Лесорубы в ответ в молчаливой озадаченности пожимали плечами. Зачем баронесса глотку дерет? Ежели надо чего, могла бы прислать слугу с приказанием.

Кто она в их глазах? Кто она на самом деле? Так ли несомненна ее принадлежность к владетельному семейству Лоренцо? Или к семейству жужжащих пчел? Или к роду ослов? Или к классу птиц? Или к сословию сиенских крестьян, пастухов и лесорубов – таких же простых людей, как норвежские собиратели улиток и рыбаки времен далекого детства, о котором она порой вспоминает с такой мучительной силой? Анна взглянула в сторону Корсиньяно, туда, где виднелась церковь. А что как и вправду ее картина будет выглядеть на алтарной стене нелепым ярким пятном? Неужто место образу святой Агаты на ослином брюхе, и будет бродить четвероногий алтарь по пастбищу, являяовцам мученицу Божию?

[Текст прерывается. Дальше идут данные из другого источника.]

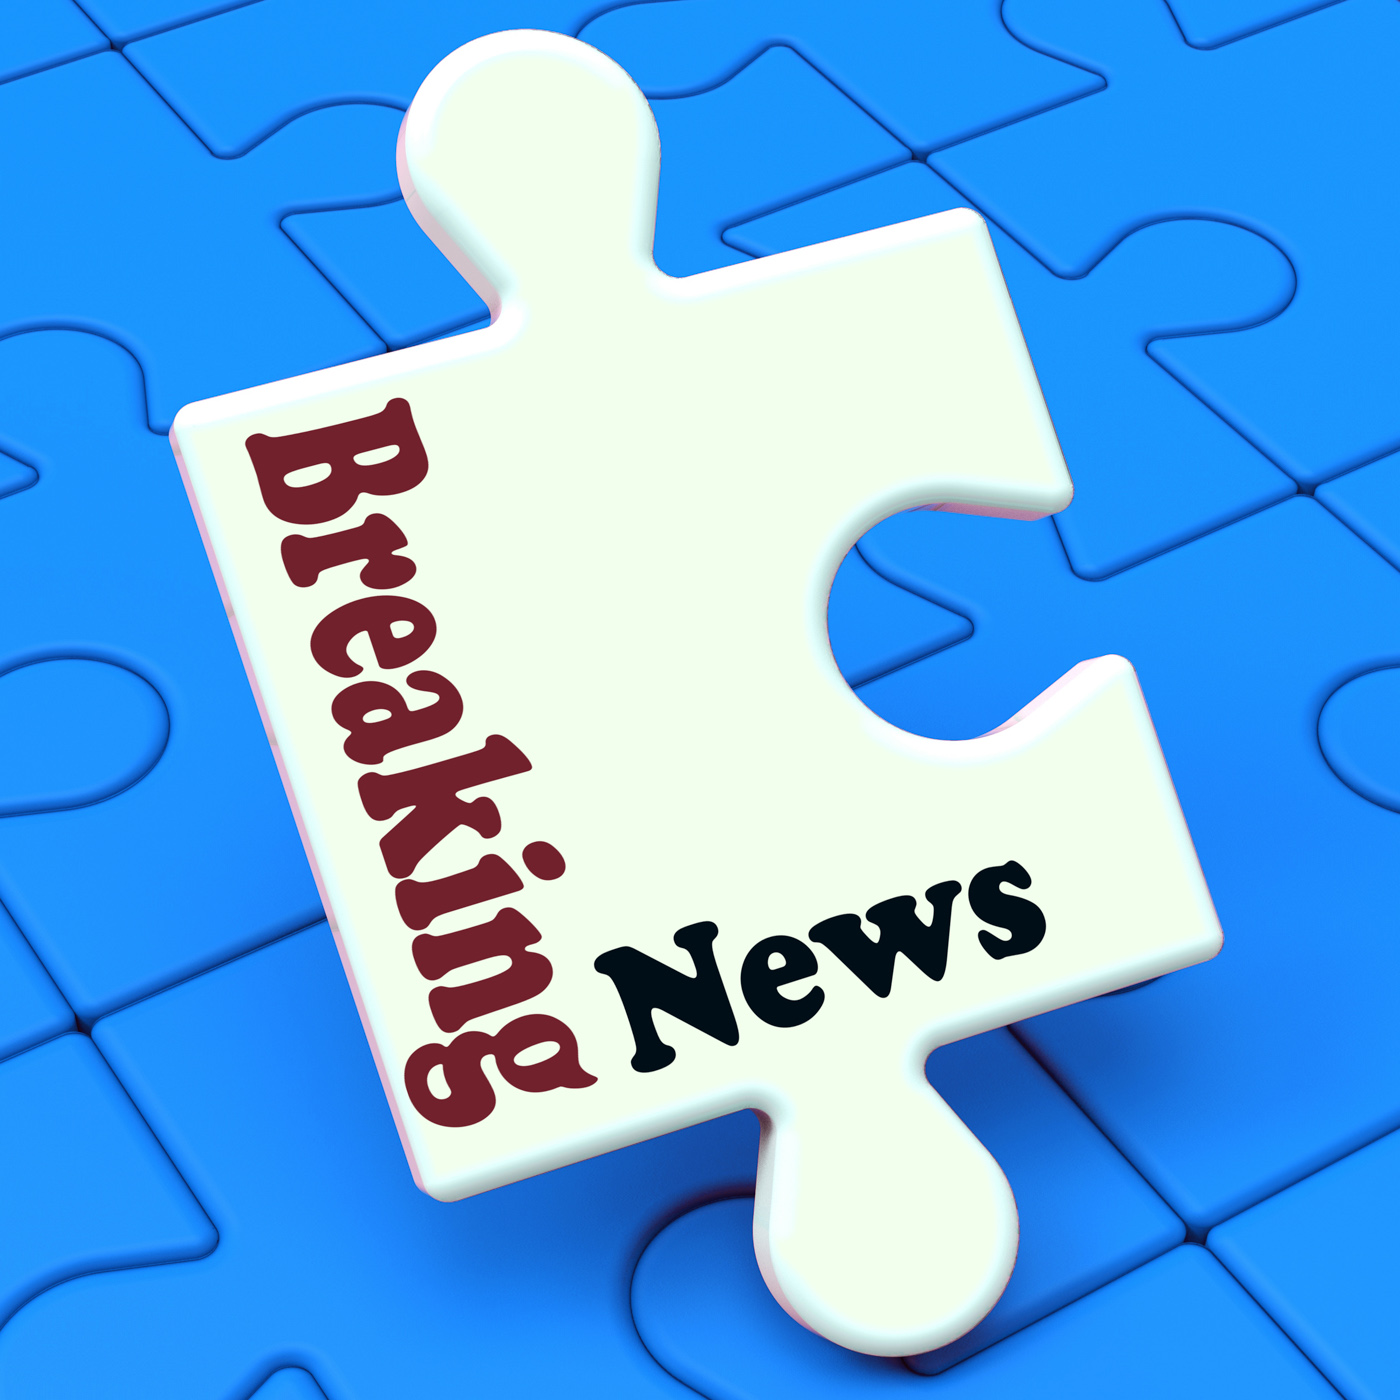 Breaking News Puzzle Shows Newsflash Broadcast Or Newscast, Announcement, Newscast, Report, Press, HQ Photo

Представив себе эту сценку, она невольно расхохоталась. Антонио привел пойманного осла. Солнце сильно палило. Она шла к дверям приходского священника, держа картину обеими руками; вуаль, скрывающая лицо, стала мокрой от пота. Анна почувствовала, что боится, но не темноты, как и Лоренцо, а глубины. Ей почудилось, что, подхваченная морским течением, она опускается в бездонную пучину. Такое ощущение накатывало на нее не в первый уже раз.

Лоренцо об этом и не подозревал.

В садике, окружавшем дом падре, кто-то двинулся неверной походкой ей навстречу. Вокруг пошатывающейся фигуры блеяли овцы. Анна вздрогнула, поняв, что это Андрополус, обряженный зачем-то в женскую ночную сорочку. В ее сорочку. Но не белую, а пурпурно-красную.

* * *

Священник поднялся с табурета, сидя на котором плакал, и сильно потер ладонями мокрые от слез щеки. Видение не исчезло: в дверном проеме действительно маячил ангел в синем одеянии. Небожитель помавал широкими крылами. Наверное, он прилетел уже давно и мог быть свидетелем всего, что произошло в комнате.

Ангел мог лицезреть безумие похоти, заставившее приходского священника надеть на мальчика женскую ночную сорочку. Ангел мог видеть, что для падре было тогда безразлично, кто перед ним: юноша или девушка, главным казалось облачить живую плоть, ниспосланную в этот дом свыше, в податливый мягкий шелк. Только поэтому он и бормотал нечто несусветное о божественных дарах, перенесенных из Константинополя в долину Орсия, потому только гладил черные длинные локоны, целовал нежное овальное лицо и припухлые губы, не переставая благодарить Господа. Тело юноши, чего еще желать? Любой мальчик – больше женщина, чем мужчина. К тому же обнажиться перед существом своего пола не так страшно и непотребно. Вот какие мысли роились тогда в голове приходского священника, если мыслями можно назвать невнятный хаос отрывочных озарений.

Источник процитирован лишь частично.